Use secure email protocols

Utilize secure email protocols such as Transport Layer Security (TLS) for encrypting email transmissions. TLS ensures that email data is encrypted during transit between email servers.

Implement secure user authentication

Require strong user authentication methods to access email accounts. This may include multi factor authentication (MFA) to ensure that only authorized individuals can access PHI.

Access control and authorization

Implement access controls to restrict access to PHI within the email system. Only authorized personnel should have access to patient authorization and informed consent forms sent via email.

Secure mobile email access

If staff members access email on mobile devices, ensure that these devices are also secured and compliant with HIPAA regulations. Mobile email apps should provide encryption and require user authentication.

Email archiving and retention policies

Establish email archiving and retention policies to ensure that patient authorization and informed consent emails are retained for the required period as per HIPAA regulations. This helps with compliance and audit trails.

Secure email attachments

When sending patient authorization and informed consent forms as email attachments, ensure that these attachments are encrypted and password protected if necessary. Provide the password separately to the recipient.

See also: What is transport layer security (TLS)?

What risks do you face when you fail to use HIPAA compliant communications?

Failing to implement HIPAA compliant communication for authorization and informed consent can have niche consequences that directly impact patient care and research. Firstly, it can lead to miscommunication or delays in obtaining necessary consent, potentially hindering patient participation in clinical trials or research studies. This can slow down medical advancements and limit treatment options. 

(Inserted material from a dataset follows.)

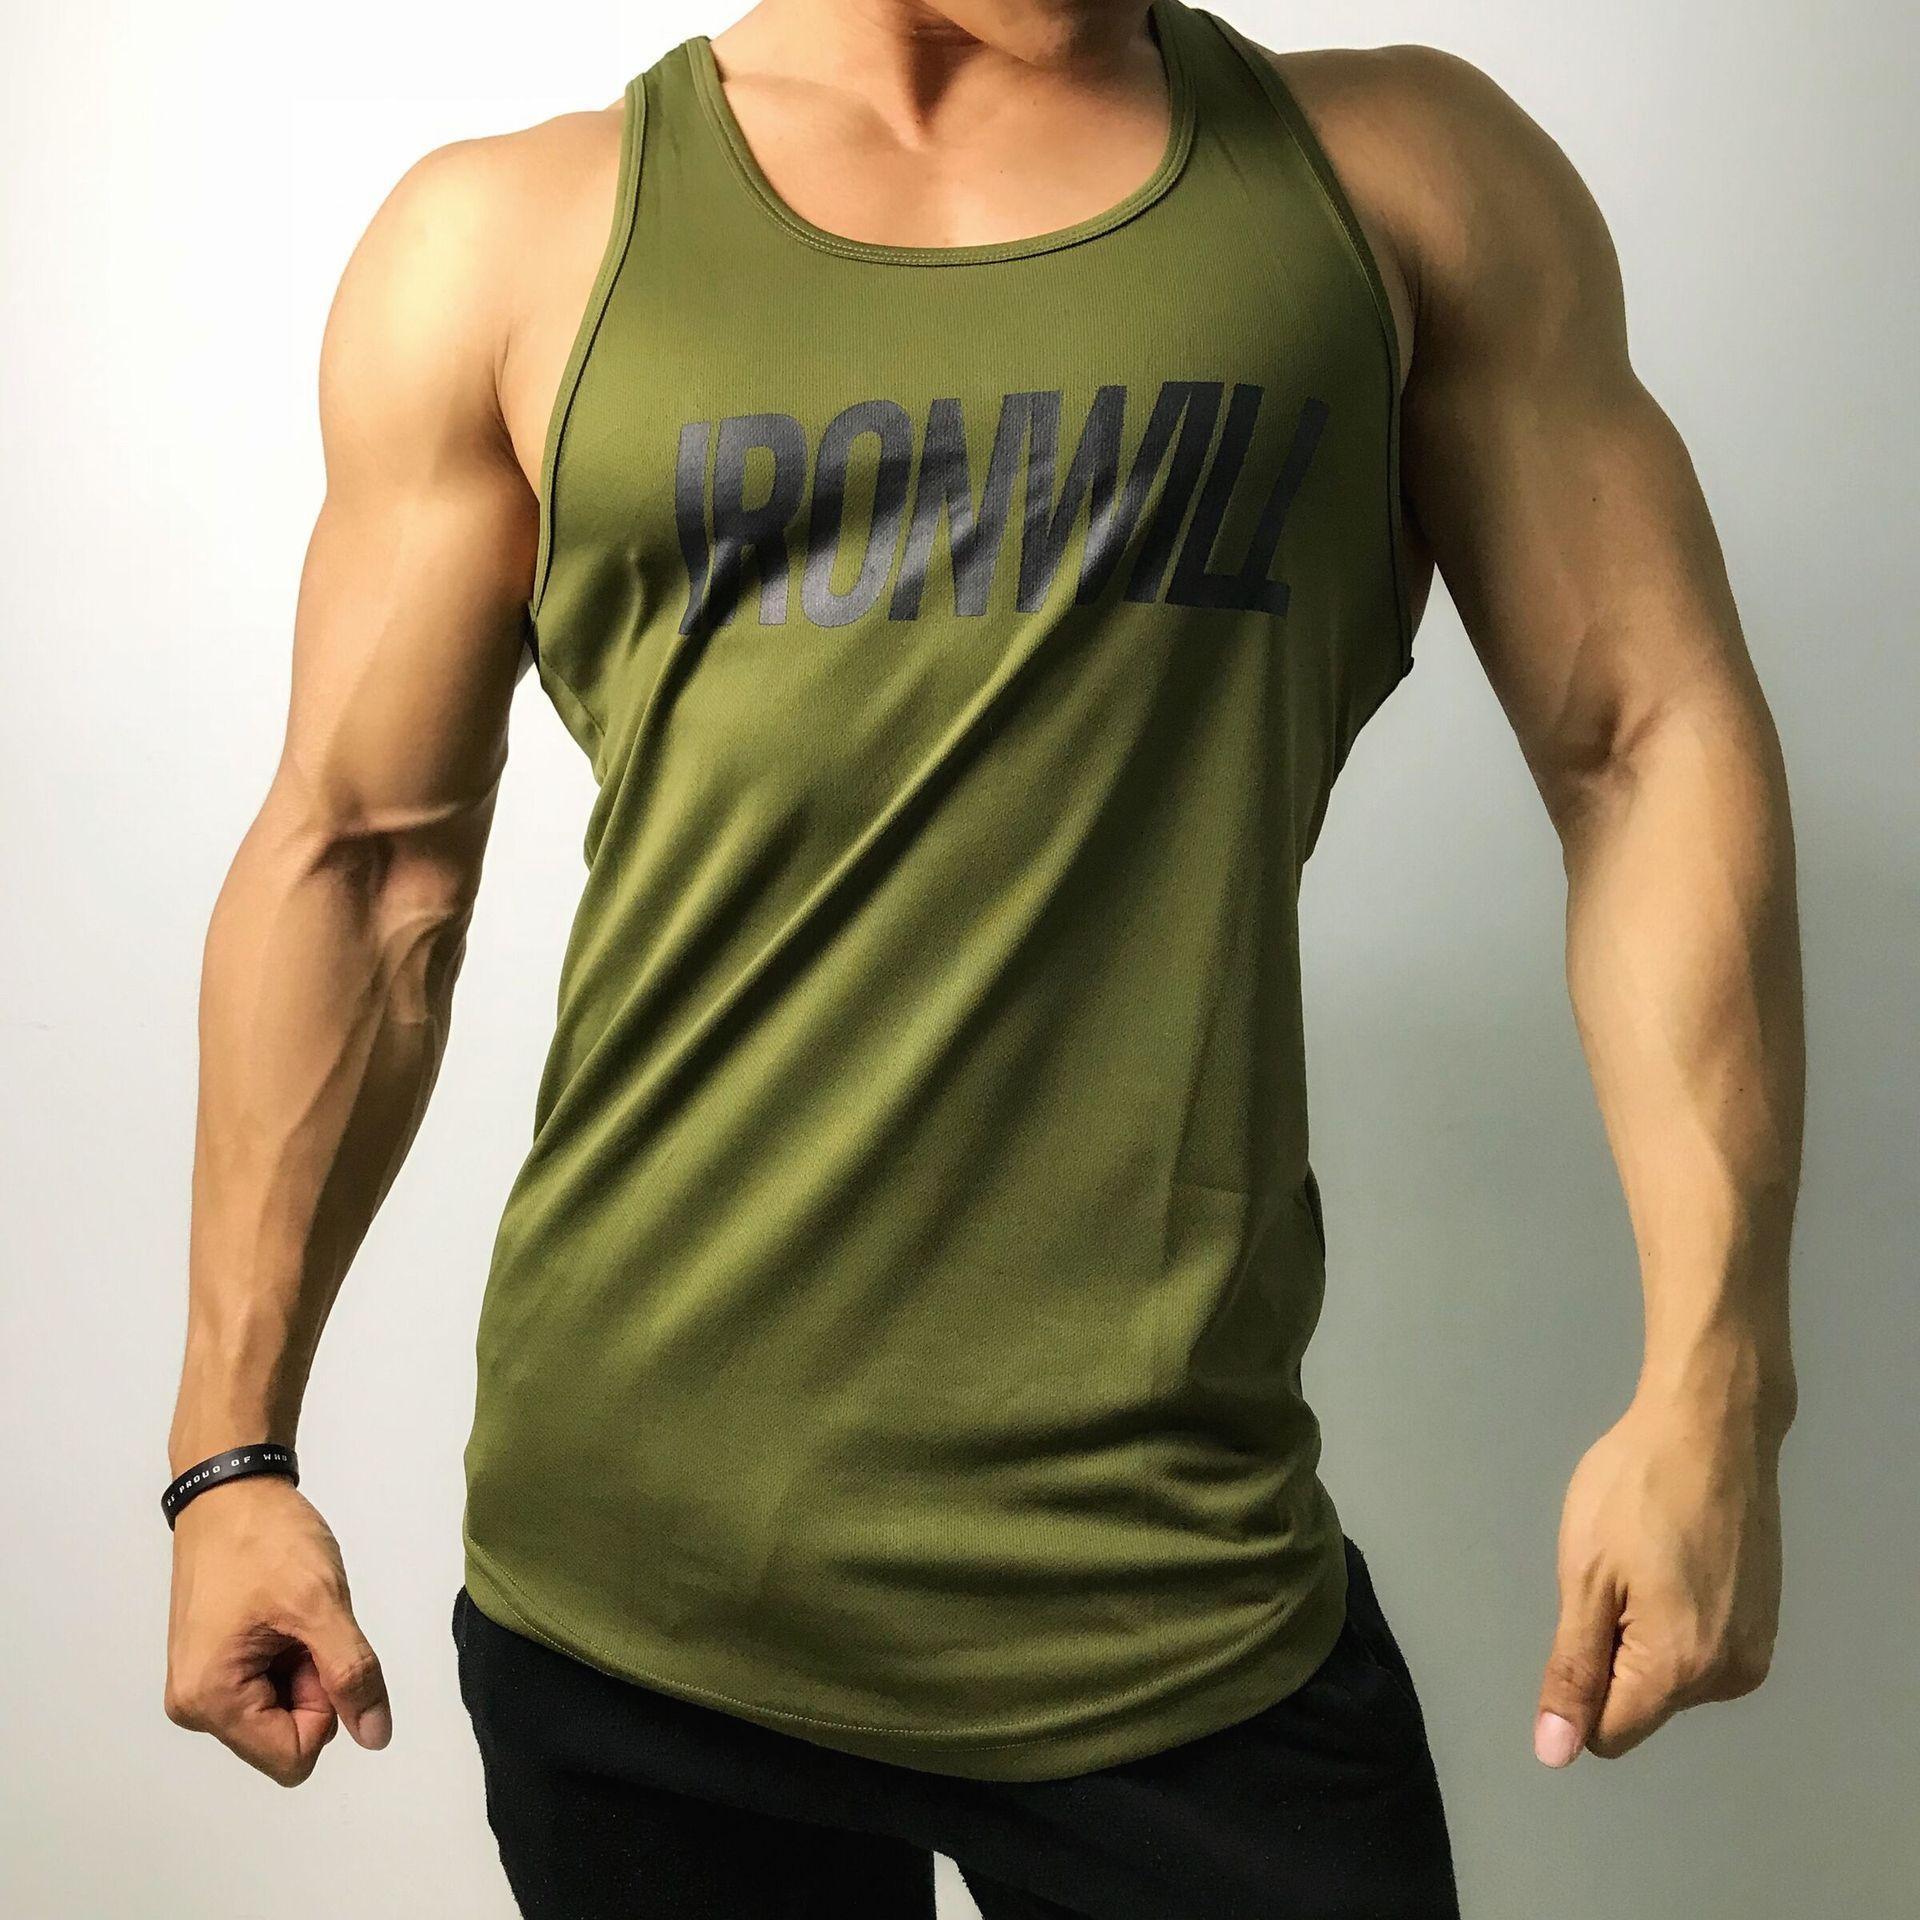 ae52d447 Vest Sleeveless T-shirt Men 2019 Summer Green New Sports Fitness Gym  Running Workout Casual Cotton Polyester Men's Round Neck Shirt

This lack of secure communication can result in the inadvertent exposure of patient's sensitive health information, violating their privacy rights and eroding trust in healthcare providers. When patients and research participants perceive inadequate protection of their data, they may be less willing to engage with healthcare providers or participate in research, hindering the progress of medical research and innovation. 

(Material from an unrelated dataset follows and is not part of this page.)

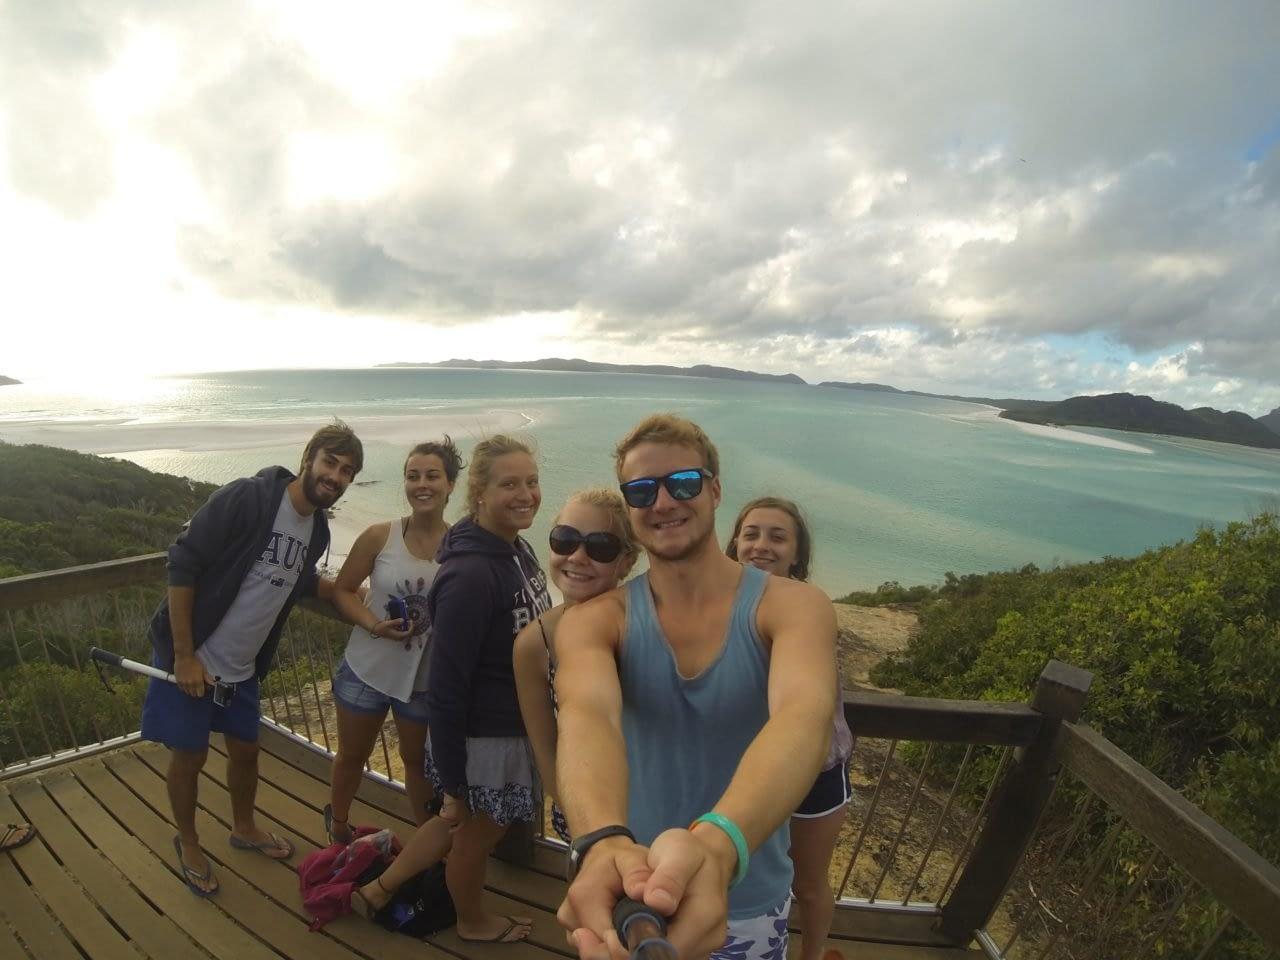 Highlands2Hammocks selfie overlooking a lake

See also: The risks of shared email inboxes in healthcare practices

FAQs

What is the Common Rule?

The Common Rule governs the ethical conduct and oversight of research involving human subjects in the United States.

How does the Common Rule differ from HIPAA?

The Common Rule focuses on protecting human subjects in research, while HIPAA primarily addresses the privacy and security of individuals' health information.

Why is email the best way to get patient consent?

Email is often considered the best way to get patient consent because it provides a written record, allows for clear communication, and is convenient for both patients and healthcare providers.